Every year I try to read something for banned book week. Most years I fail. I’m a planner in most aspects of life, just not in my reading habits. However I’m in multiple book clubs now, and also help to create some social media content for my work’s accounts, so Banned Books Week was actually on my radar a month earlier than normal.
Which meant I was able to snag the audiobook of To Kill a Mockingbird from my public library before anyone else could jump on the Banned Book bandwagon.
First off, yes I think audiobooks count as reading. Thank you.
Second. Wow. I didn’t know it was possible to fall in love with a story you already knew so strongly.
I first read To Kill a Mockingbird my first semester of high school. I was young and naive. I didn’t know what books I liked. I didn’t understand what made a classic a classic. I knew I enjoyed Scout and Jem. I knew Atticus was a good man. It felt like the right type of story to be reading. Realistically I didn’t understand more about race and fairness than Scout. I still loved the book. I enjoyed the movie too. I was officially a Harper Lee fan.
And then I ignored her and mockingbird for 15 years. When Go Set a Watchman came out I read the coverage and decided to skip reading, for reasons I outlined in my actual review of Watchman last week. I probably sent out a sad tweet when Lee died, but that would have been the extent of my interactions.
Then Furious Hours came out this year and I was obsessed again. I didn’t remember as much from Mockingbird as I had originally thought. I gained a better understanding of Harper Lee’s life, the more autobiographical nature of parts of her work, and the place Watchman fits in everything. I also knew I wanted to give her seminal work another try.
Reading To Kill a Mockingbird at 30 was like coming home. The whole gang was there. Only now I had background information. Dill was clearly based on Truman Capote, which is a sentence 14 year old me wouldn’t even know how to process. Scout is also younger than I remembered, and her naivete shows. The fact that it was only published in 1960 really packs the biggest punch. Civil rights were still a hot button issue. Writing something from a southern perspective set during the 30’s was a hot take.

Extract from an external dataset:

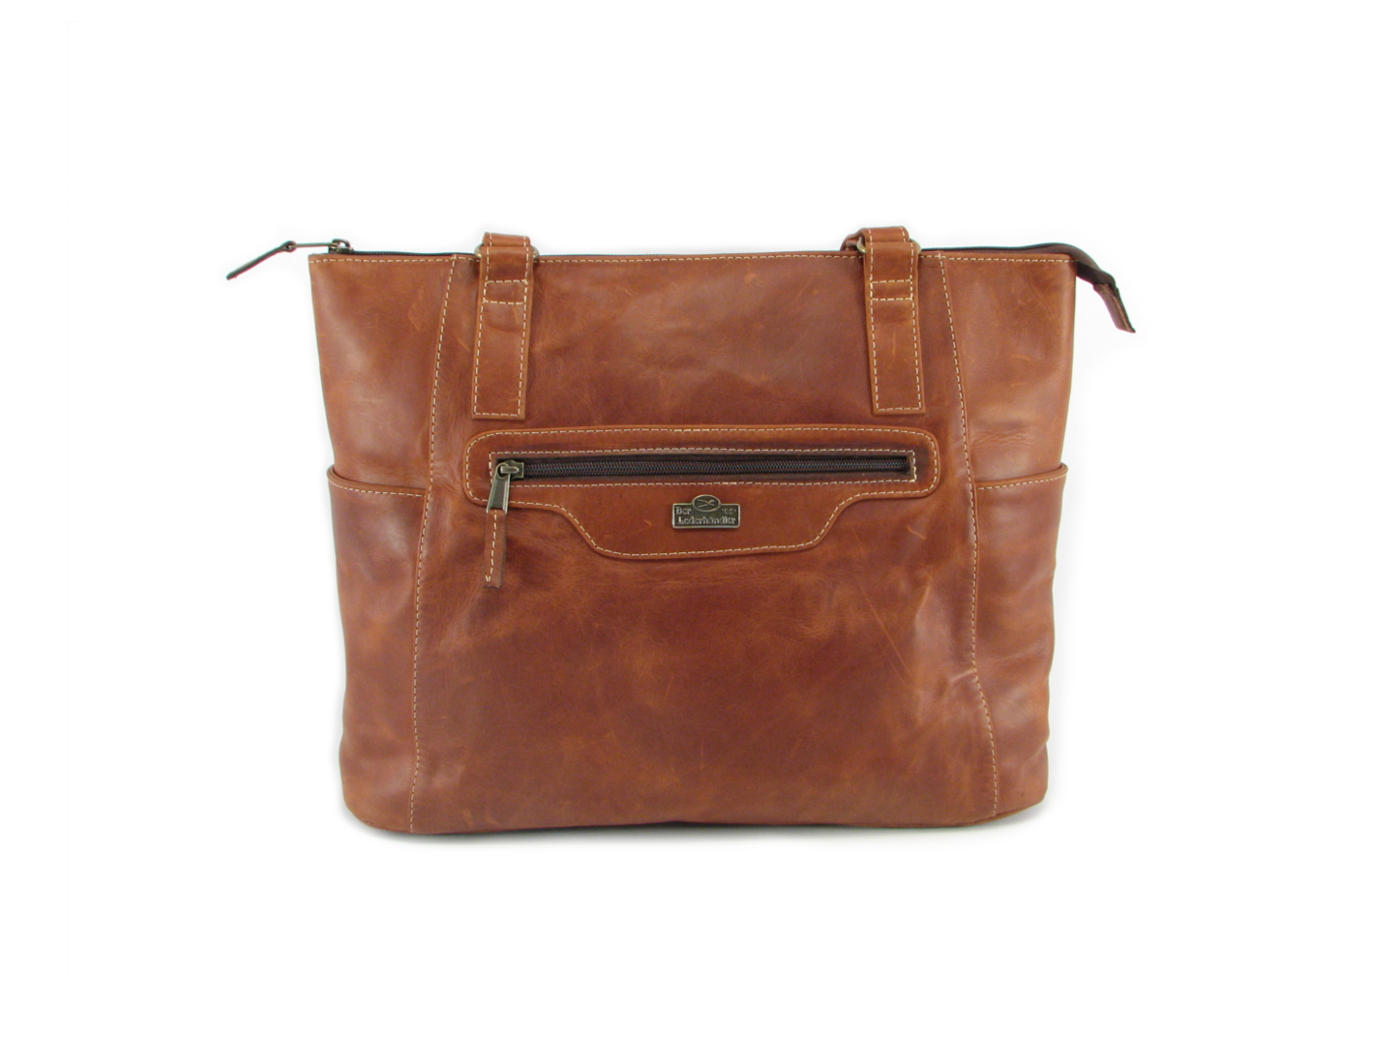 34962c0c3a38 Tosca No 1 HP7301 front classic handbag leather bags women, Der  Lederhandler, George,
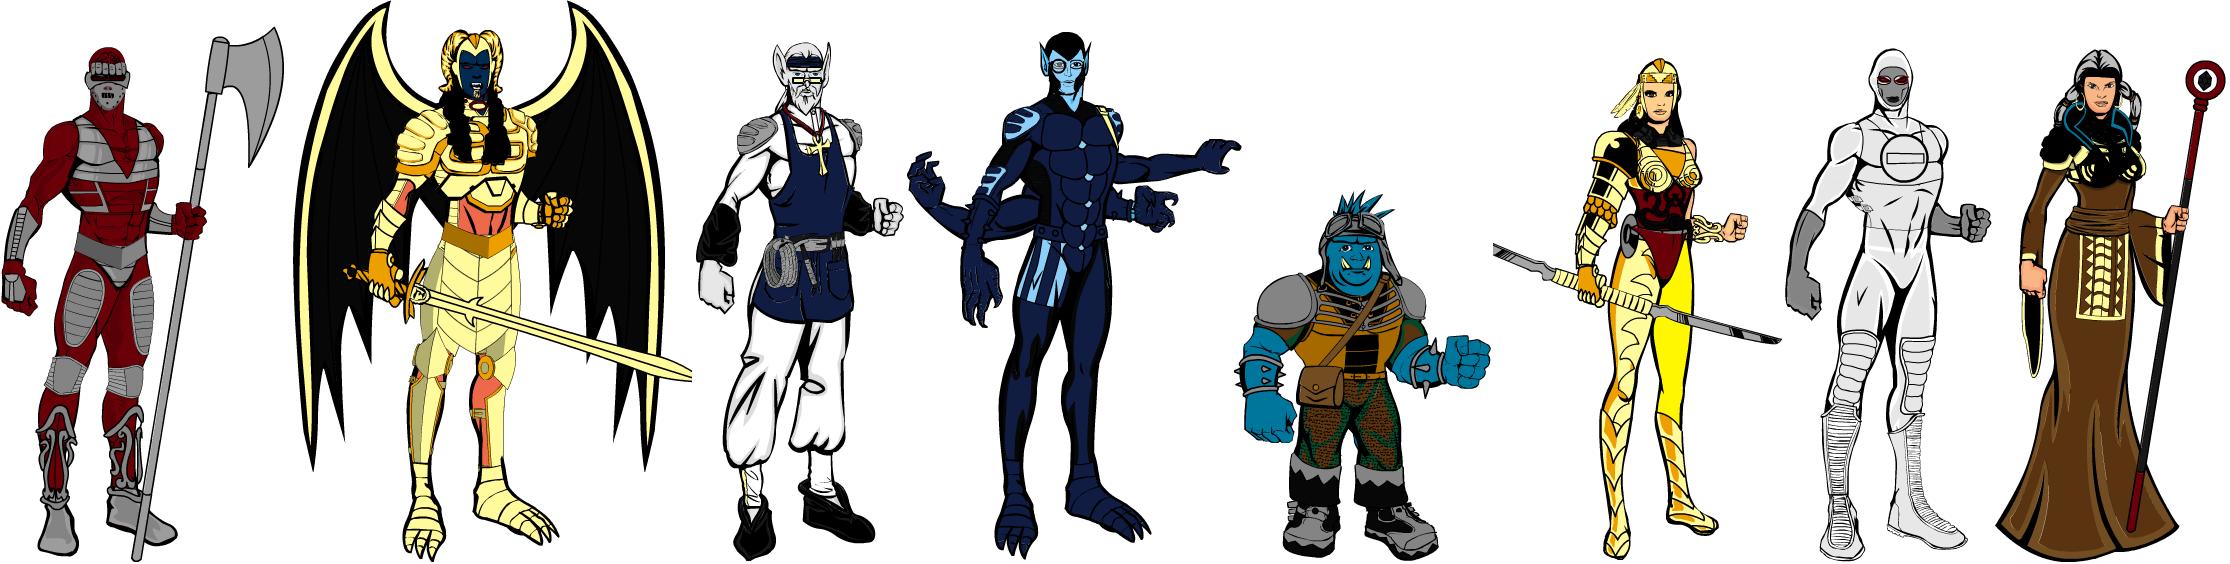 evil space aliens mmpr02 by captaindutch on deviantart

Mockingbird carries more weight because of its setting and time. It also carries more weight coming from a true Alabamian.
More than anything though Mockingbird is a tale of growing up, of learning that life isn’t always fair, and that you shouldn’t always judge a book, or a person, by their exterior.
To Kill a Mockingbird also reminded me of my own school days, coming home for a homemade snack, talking with my mom and spending time with my friends. It reminded me of cookies. So while I was listening to Sissy Spacek narrate Scouts coming of age story I popped into the kitchen and made up a snack of my own.

These cookies are a little cakey, a lot of blueberry, and have the most perfect lemon glaze. They’re soft and moist and a pop of flavor. They’re everything a picky eater would ignore, but we are adults now, and no longer picky eaters.
Ingredients
1 c flour
½ c softened butter
4 oz cream cheese
1 egg
1 tsp vanilla
2 ½ c flour
1 tsp baking soda
1 tsp baking powder
¼ tsp salt
2 c blueberries (about a quart)
1 ½ c powdered sugar
1 tbsp lemon juice, fresh
1 tbsp milk
1 tsp vanilla
Zest of 1 lemon
Preheat oven to 350. Line a baking sheet with parchment paper.
Cream together butter, busar, and cream cheese. Add egg and vanilla until combined.
In a second bowl combine flour, baking soda, baking powder and salt and then mix into wet.
Gently fold in blueberries. Be careful not to burst the berries as they will dye your batter.
By the rounded tablespoon place cookies on prepared baking sheet. Bake for 12 to 14 minutes.
For glaze, whisk together powdered sugar, lemon juice, milk, vanilla and lemon zest. Wait for cookies to cool. Drizzle with glaze. Enjoy!